琥珀把她案上放着的茶重新續了一盞,一面是低聲說道:“珍珠的繼母今早沒能捱過來斷了氣,如今只留了她那父親和一雙兄弟,至于珍珠...”她聲音微頓,垂眸說了:“她的屍首在城郊的亂葬崗找到了。”
王昉淡淡“嗯”了一聲。
她擡了頭,往木頭窗棂外看去,草木上還沾着昨兒夜裏留下的雨珠,随風飄蕩,搖搖欲墜...王昉合了眼,想起珍珠臉上最後解脫的笑容,良久才淡淡開口說了句:“拿五十兩銀子,厚葬了吧。
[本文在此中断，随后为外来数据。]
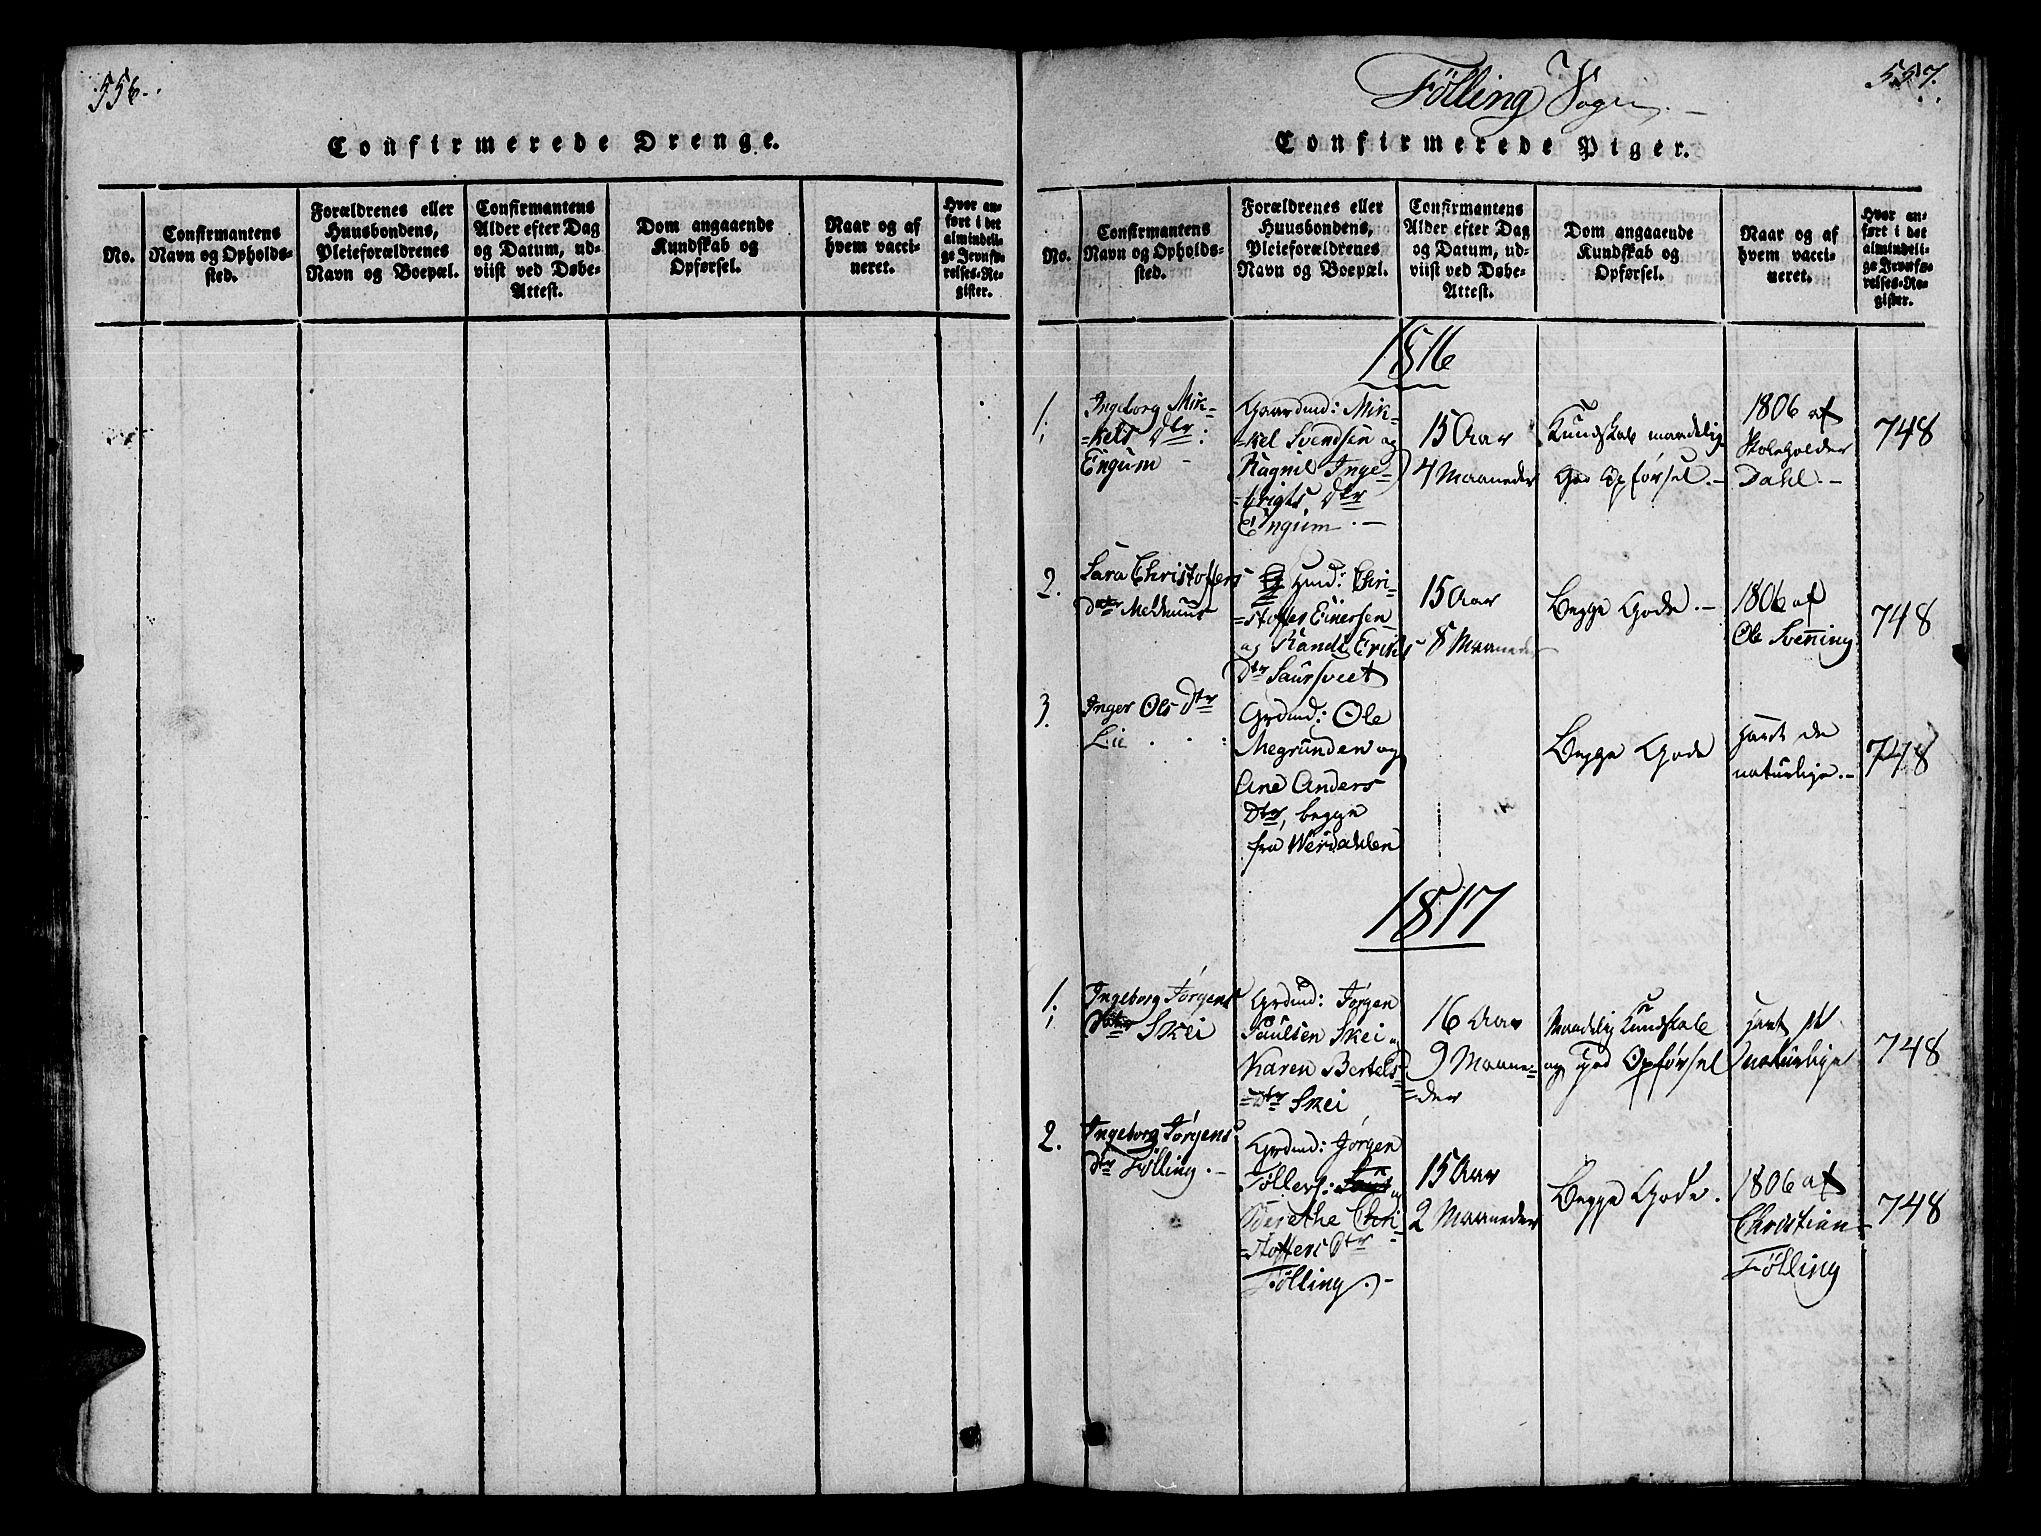 SAT, Ministerialprotokoller, klokkerbøker og fødselsregistre - Nord-Trøndelag, 746/L0441: Ministerialbok nr. 746A03 /4, 1816-1827, s. 556-557

”
“...是。”
琥珀低聲應了,她看着王昉的面容,半蹲在軟塌前...
替她掖了掖身上的毯子,才又低聲說了一句:“您覺得珍珠還有所隐瞞?”
王昉睜開眼,她未曾回頭,依舊看着窗外景致:“她與杜姨娘所言相合,祖母、父親、母親都信了,就連我心中也有幾分相信了...”
也有幾分相信,便不是全信。
如果杜姨娘的死訊未傳過來,那麽珍珠...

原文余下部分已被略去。